Dear all,

We are pleased to welcome Sandrine HUMBERT from the Paris Brain Institute ICM, invited by Pascale BOMONT.
She will give a seminar on May 6th  at 11:00 a.m. entitled: “Developmental origins of late-onset neurological diseases”

The seminar will take place in Amphi Hermann (1st floor) in Faculté de Médecine Lyon-Est Rockefeller.

Dr Humbert leads a team at the Paris Brain Institute, ICM. Trained as a biotech engineer, Sandrine Humbert worked during her PhD on transcription factors (JM Egly, IGBMC, Strasbourg). She then completed two post-doctoral stays (LH Tsai, Harvard Medical School, Boston and F Saudou, Institute Curie, Orsay) during which she focused on brain development and neurodegenerative processes. Since 2009, her team has combined cellular approaches with the analysis of mouse models to understand the physiological functions of huntingtin, the protein associated with Huntington disease (HD), and to characterize the mechanisms underlying HD pathogenesis. Over the past ten years, her team’s most significant contribution to the field has been to demonstrate that the developing HD brain is affected and to describe how this contributes to the pathology.

Abstract

Alzheimer disease, Parkinson disease, and Huntington disease (HD), present their full-blown forms typically after mid-adulthood. Most research on these conditions has sought to unravel the causes of the motor and cognitive deterioration and pathologies such as the clumps of misfolded proteins that figure in post-mortem samples, even though these are relatively late-stage phenomena. The dominant paradigm is that it takes time for misfolded proteins to overwhelm the cellular degradation machinery and accumulate beyond a certain threshold to cause neurotoxicity, which then leads to neuronal dysfunction, cell death and overt symptoms. Yet proteopathy-related proteins are expressed in the brain before birth.

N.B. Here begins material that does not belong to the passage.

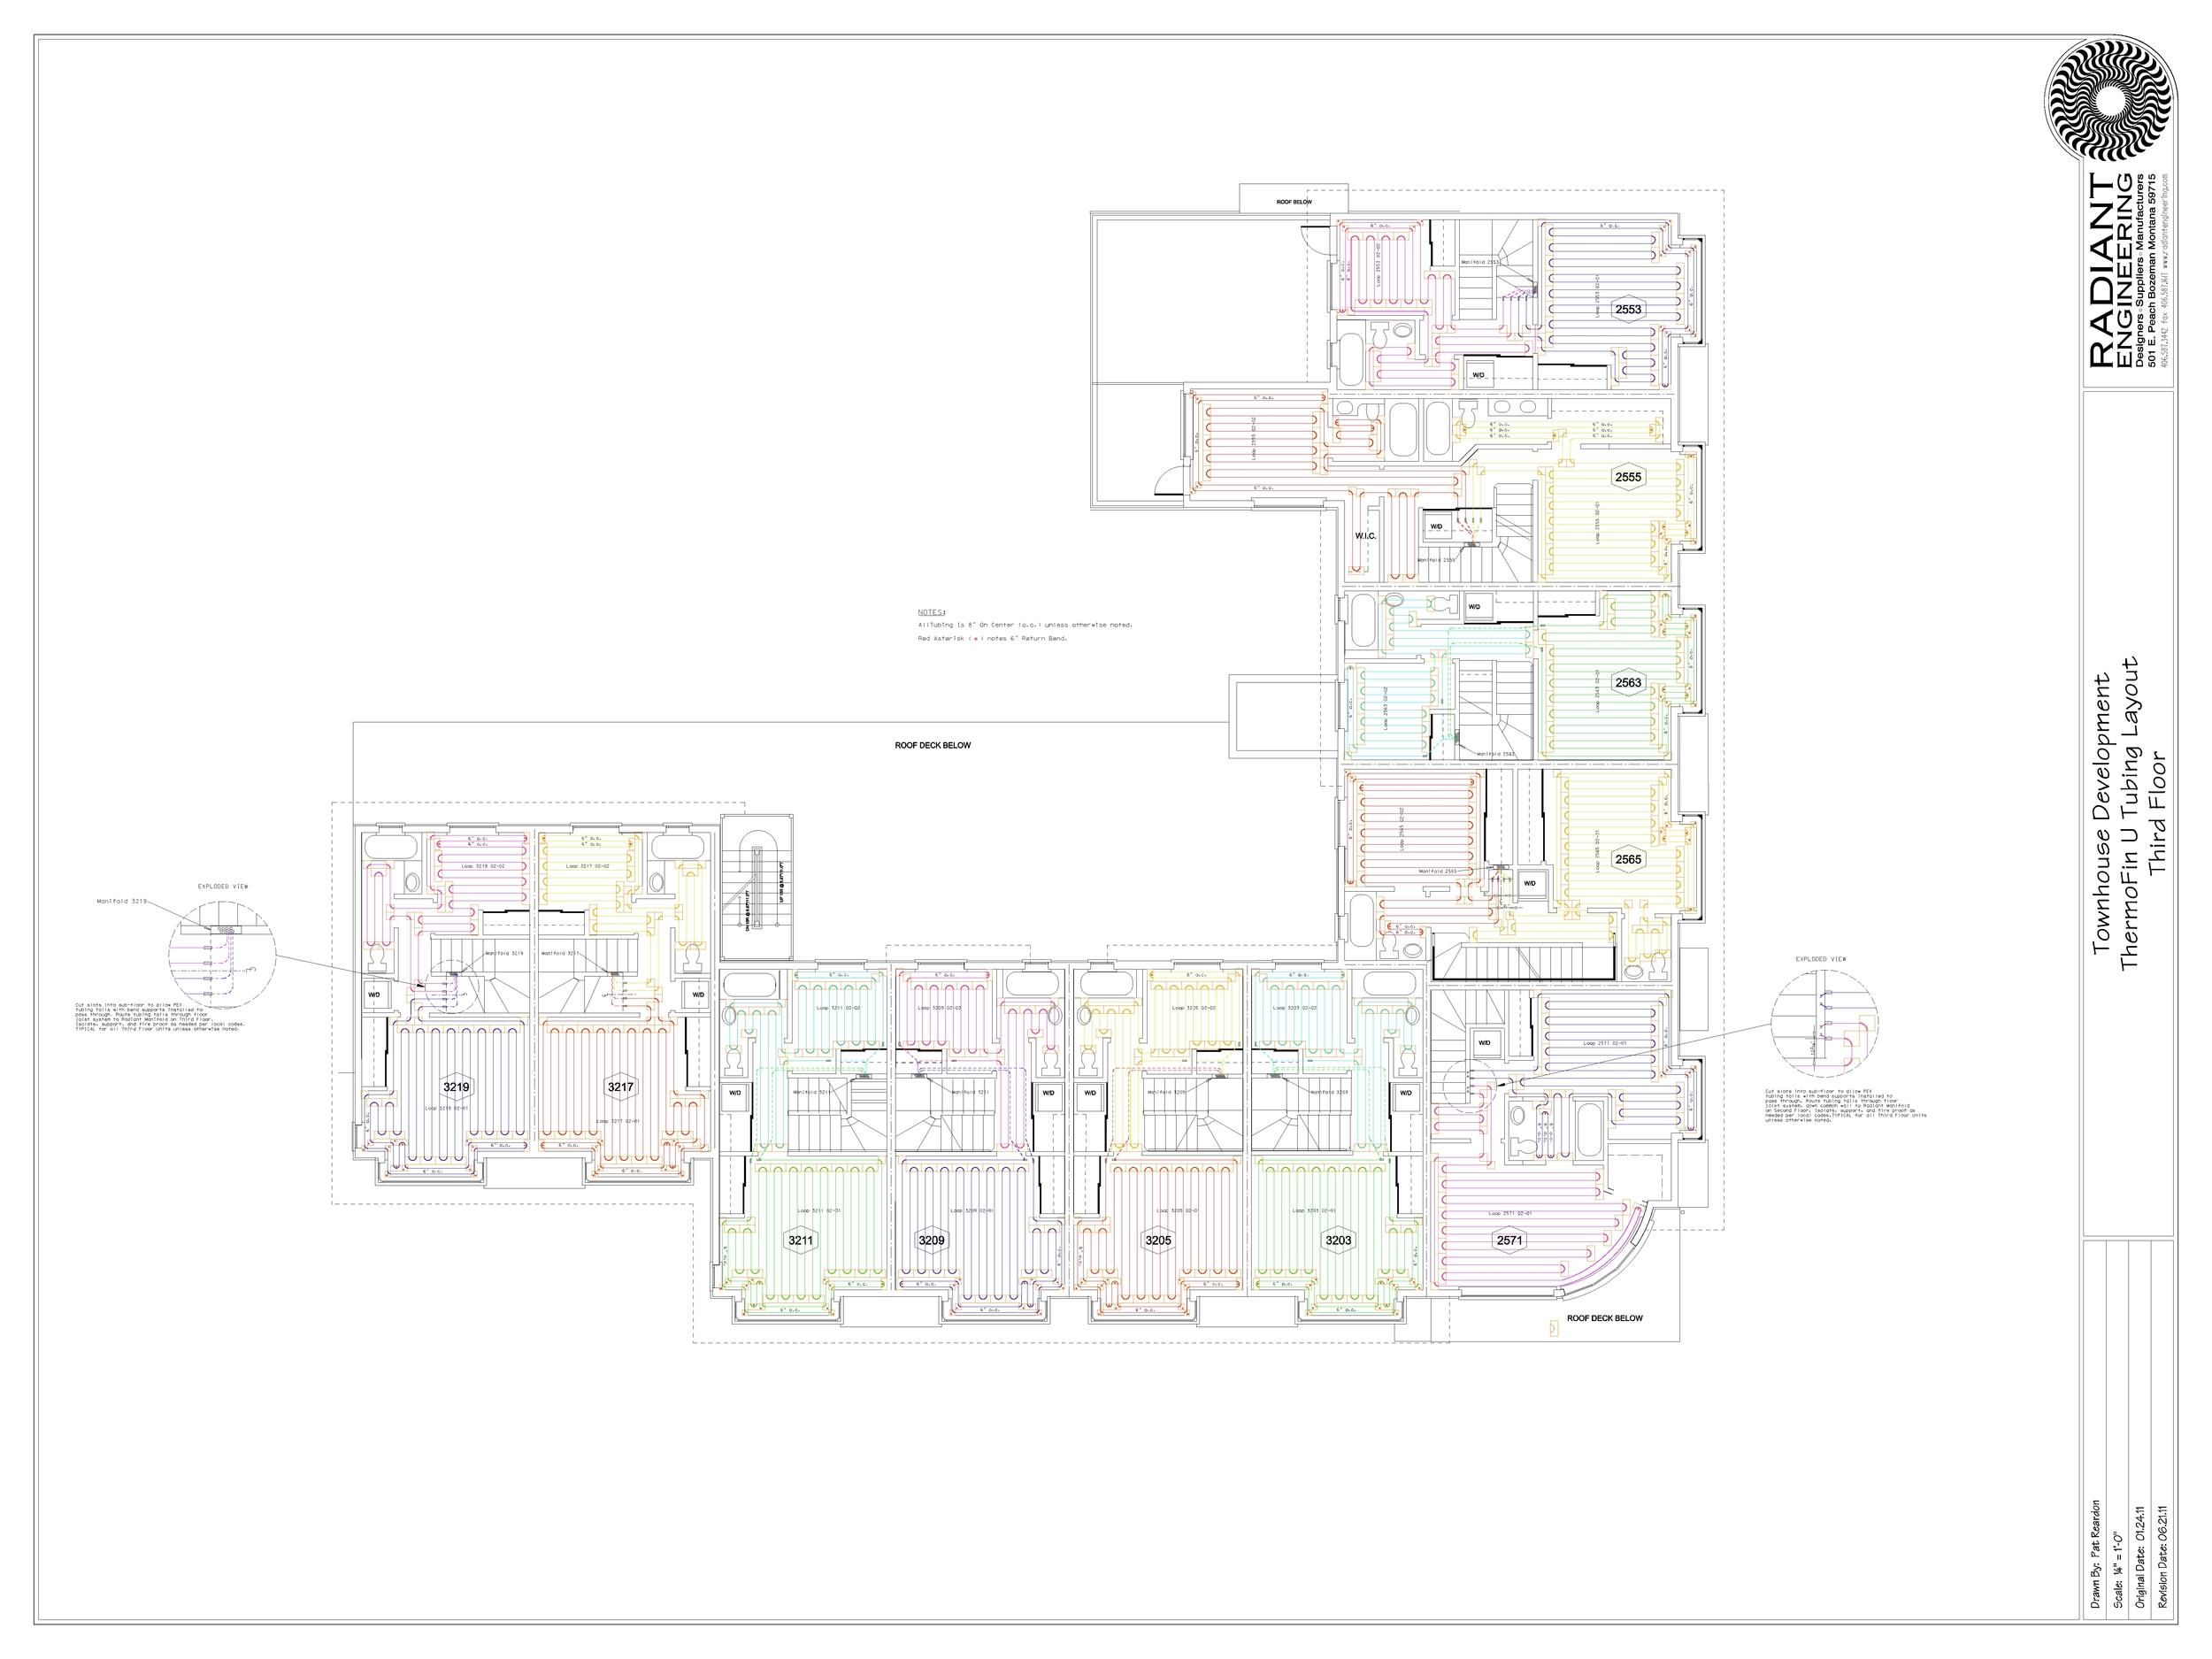 Townhouse Development Level 3
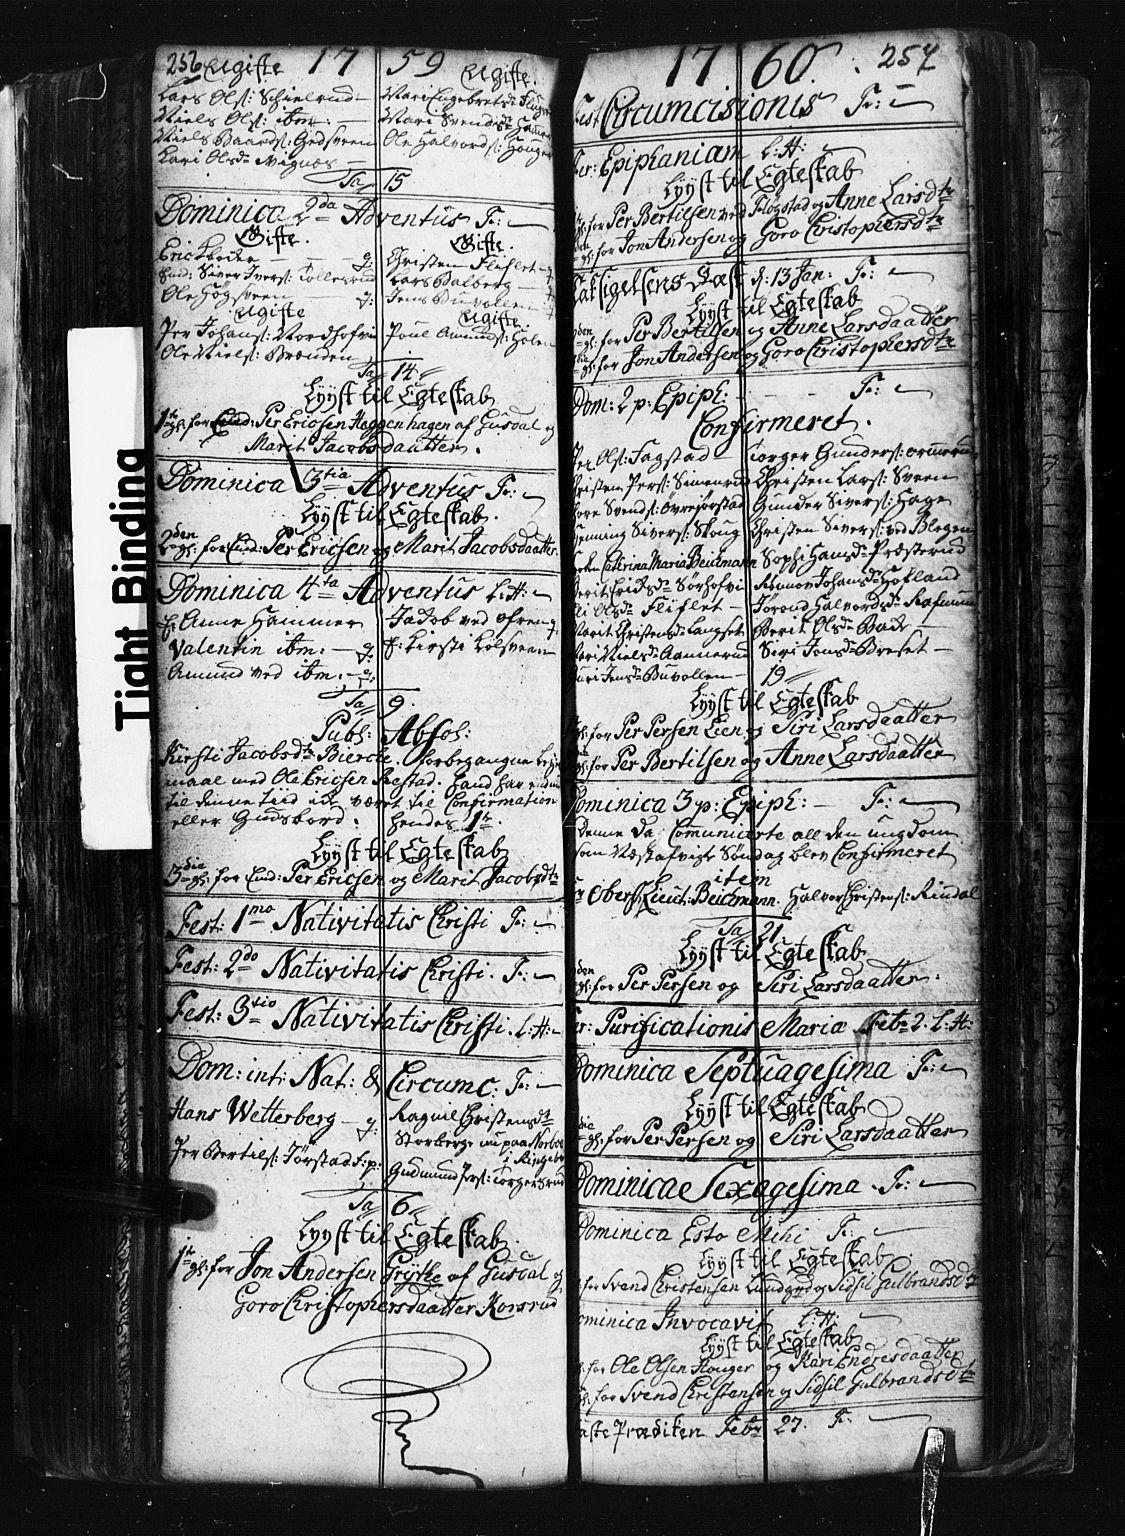 SAH, Fåberg prestekontor, Klokkerbok nr. 1, 1727-1767, s. 256-257

Among these disorders, HD is caused by an expansion of a CAG trinucleotide repeat in the huntingtin (HTT) gene, which results in an abnormally long polyglutamine (polyQ) tract in the huntingtin protein. HD is characterized by the dysfunction and death of adult neurons in the cortex and the striatum. An important feature of cortico-derived circuits in HD is their early alteration. For example, cortico-striatal connections change decades before overt neurodegeneration, as revealed by neuroimaging studies of premanifest HD gene carriers. This supports the idea that developmental abnormalities may contribute to disease onset.

I will describe how HTT regulates mouse cortical development, and how polyQ HTT interferes with cortical development in HD mouse models and human mutation carrier fetuses. I will then demonstrate that there is a critical period of postnatal development early on that requires attention for future therapies. Finally, I will discuss our current research, which aims to further connect abnormal brain development with adult-onset disease in HD and other related neurological conditions.

References

      Barnat M et al (2020). Huntington disease alters human neurodevelopment. Science, 10.1126/science.aax3338.

      Capizzi M et al (2022). Developmental defects in Huntington’s disease show that axonal growth and microtubule reorganization require NUMA1. Neuron, 10.1016/j.neuron.2021.10.033.

      Braz BY et al (2022). Treating early postnatal circuit defect delays Huntington disease onset and pathology in mice. Science, 10.1126/science.abq5011.

      Carpentier R et al (2025). Structure of the Huntingtin F-actin complex reveals its role in cytoskeleton organization. Science Advances, eadw4124.